UBC Theses and Dissertations

UBC Theses Logo

UBC Theses and Dissertations

Genetic analysis of the role of cellulose in Arabidopsis seed coat development and mucilage adherence Griffiths, Jonathan Stewart


Primary plant cell walls are comprised largely of the polysaccharides cellulose, hemicellulose, and pectins, and can also contain up to 10% protein. These cell wall components interact non-covalently and covalently to form a functional cell wall. Interactions between cellulose and pectins are poorly understood, and are the focus of this research. Arabidopsis seed coat epidermal cells produce three distinct types of cell walls: an outer primary wall; mucilage, a specialized wall composed primarily of pectins; and a rigid columella. When seeds are hydrated, mucilage expands rapidly, breaking the outer wall, to form a mucilage halo that surrounds and remains adherent to the seed. The columella appears to be composed primarily of cellulose, and is therefore an excellent model for investigating cellulose biosynthesis.
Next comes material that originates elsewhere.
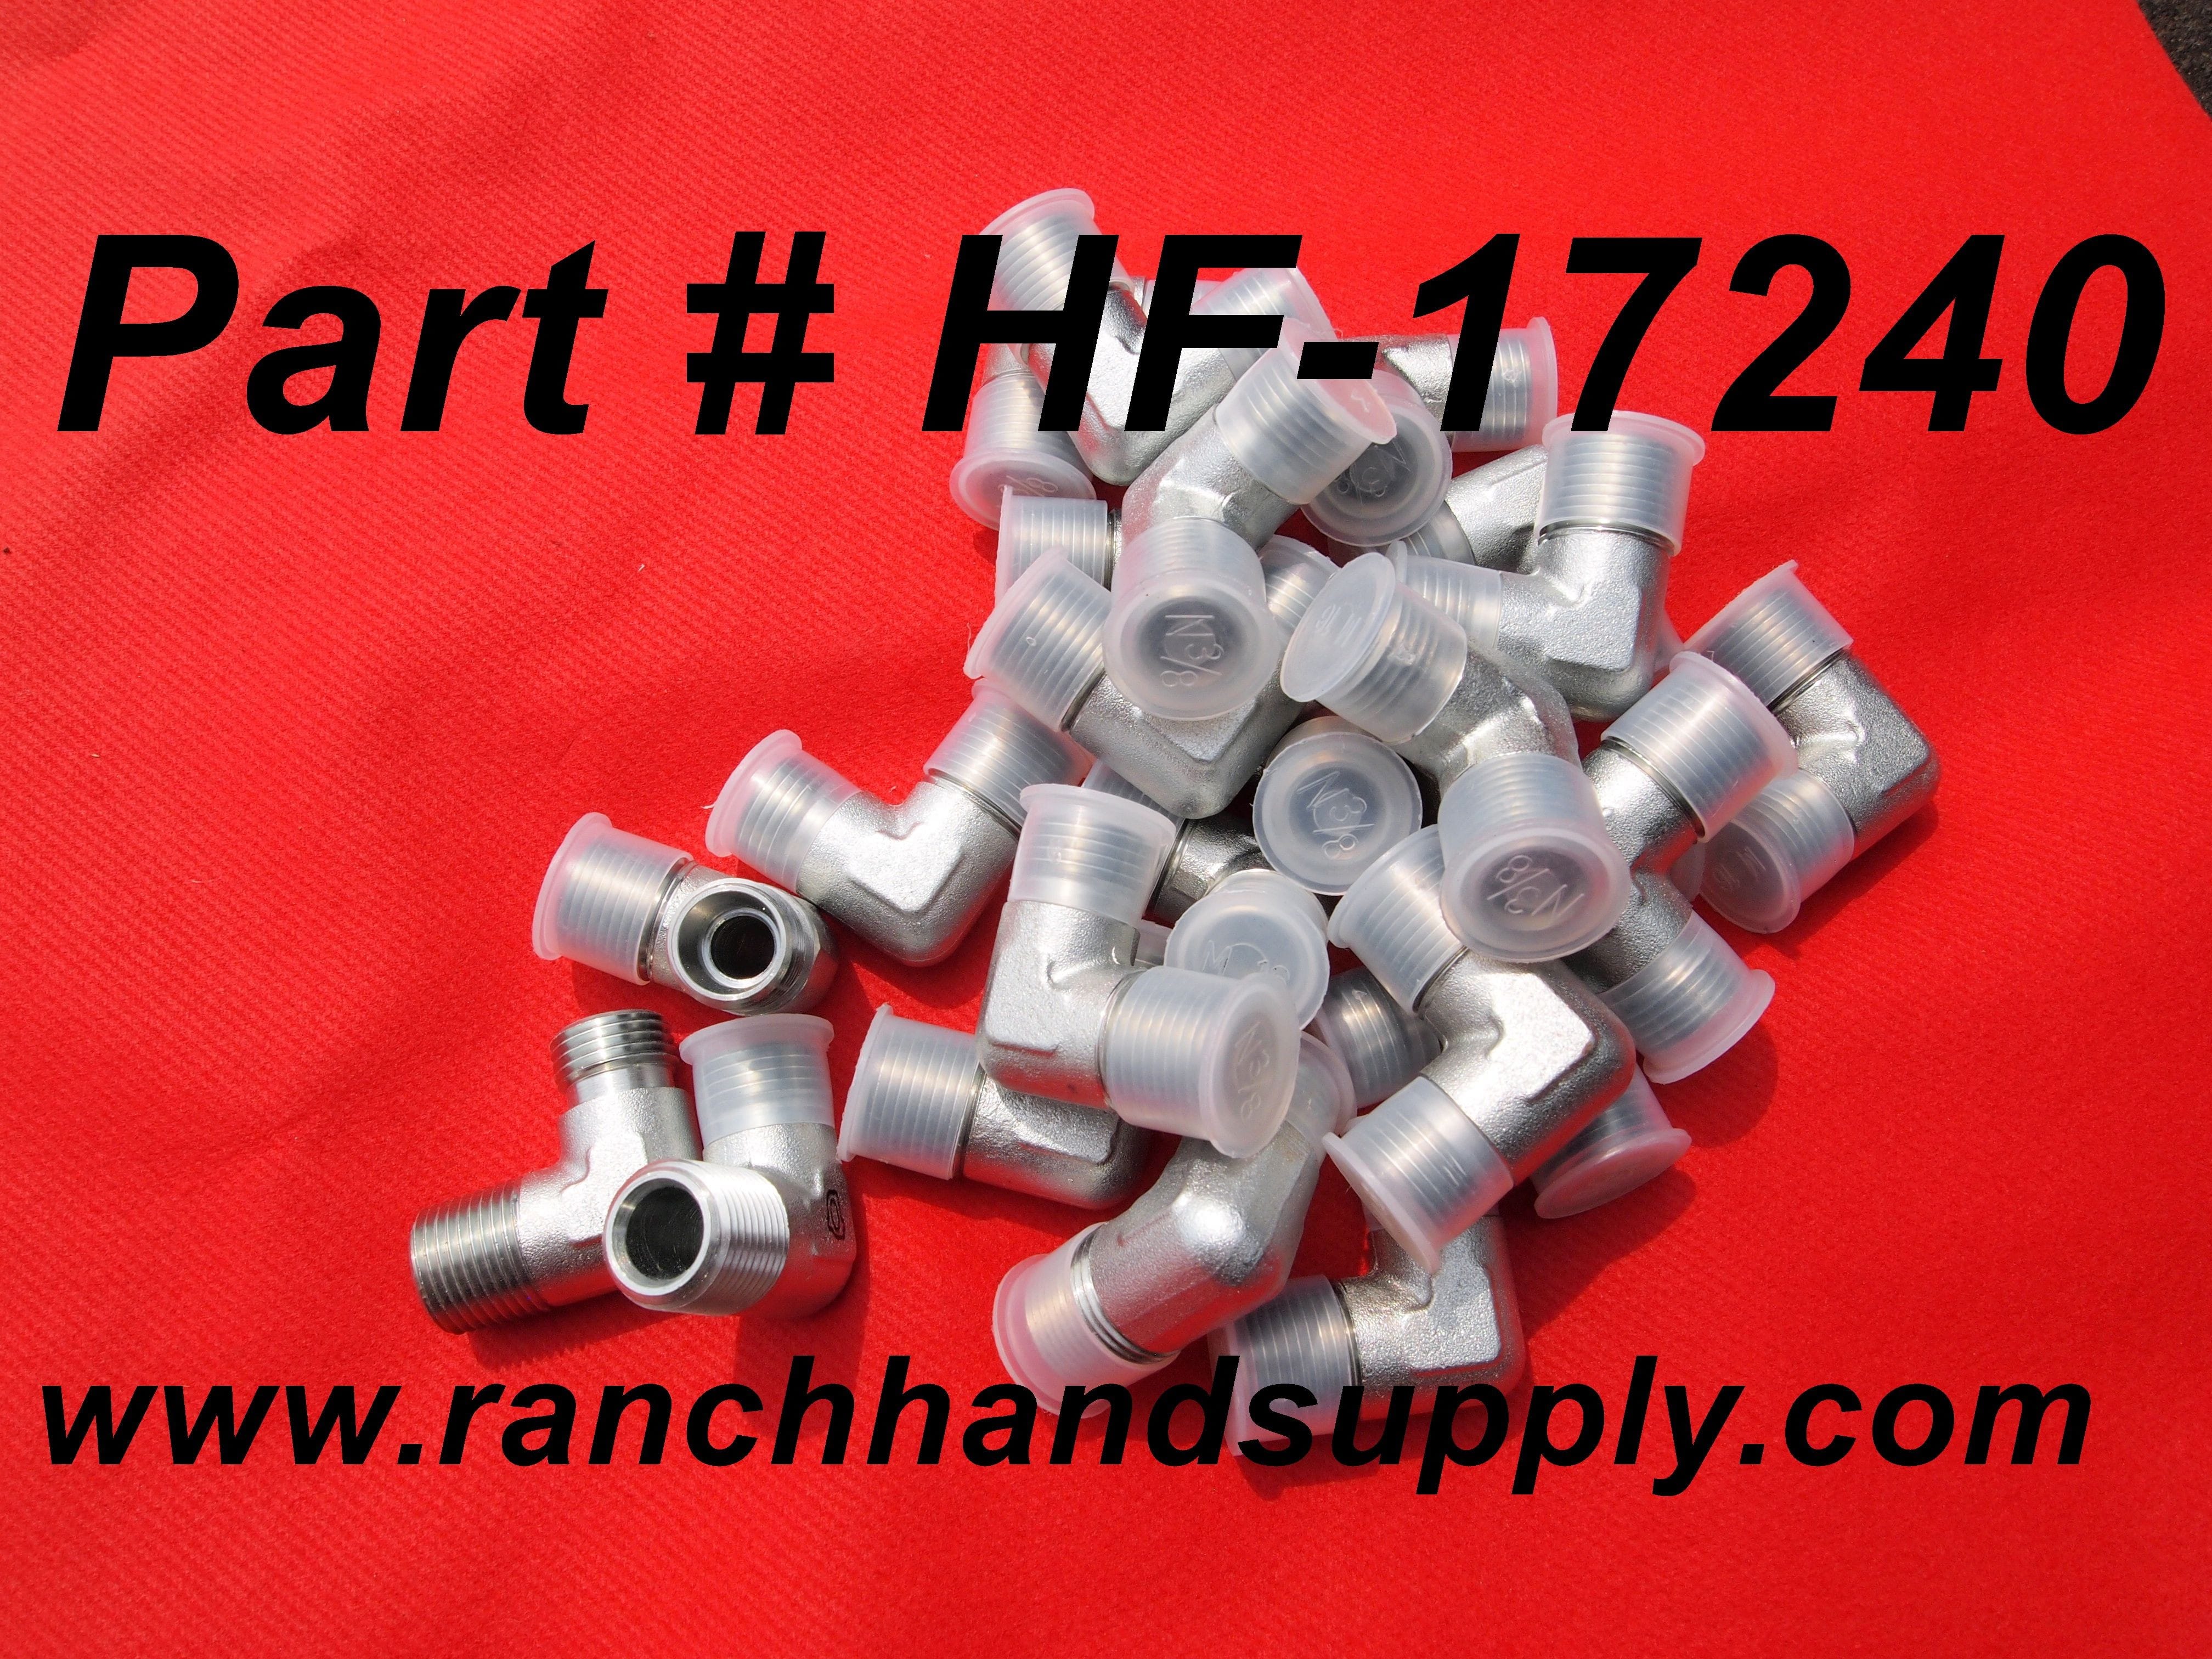 Elbow for Harbor Freight towable backhoe hydraulic cylinders.

Cell wall biosynthesis and polysaccharide interactions were examined during seed coat development and in mucilage adherence to better understand cell wall assembly and function. Cellulose is synthesized by the CELLULOSE SYNTHASE A (CESA) family of glucosyltransferases. It has been proposed that at least three different CESAs are required to form a functional Cellulose Synthase Complex (CSC). I investigated the contribution of CESA2, CESA5 and CESA9 in cellulose biosynthesis during seed coat development. Based on seed coat epidermal cell morphology and cellulose quantification, all three CESAs have non-redundant roles in secondary wall biosynthesis, while CESA5 specifically functions in mucilage biosynthesis. CESA3 is expressed in the seed coat during mucilage biosynthesis and missense mutations in CESA3, isoxaben resistant 1 (ixr1-1 and ixr1-2), result in altered mucilage structure and pectin distribution, and reduced cellulose amounts in seeds. The mechanism of mucilage adherence was examined by comparing two loss of function mutants that disrupt adherence, cesa5-1 and sos5-2. SOS5 encodes an arabinogalactan protein hypothesized to influence adherence through CESA5. However, the phenotype of each single mutant differs and a cesa5 sos5 double mutant has an enhanced phenotype. Therefore, it is unlikely that SOS5 promotes mucilage adherence through CESA5. SOS5 may influence mucilage structure through galactans, as it is required for the proper function of the !- galactosidase, MUM2. This demonstrates a role for AGPs in galactan metabolism and cell wall polysaccharide interactions.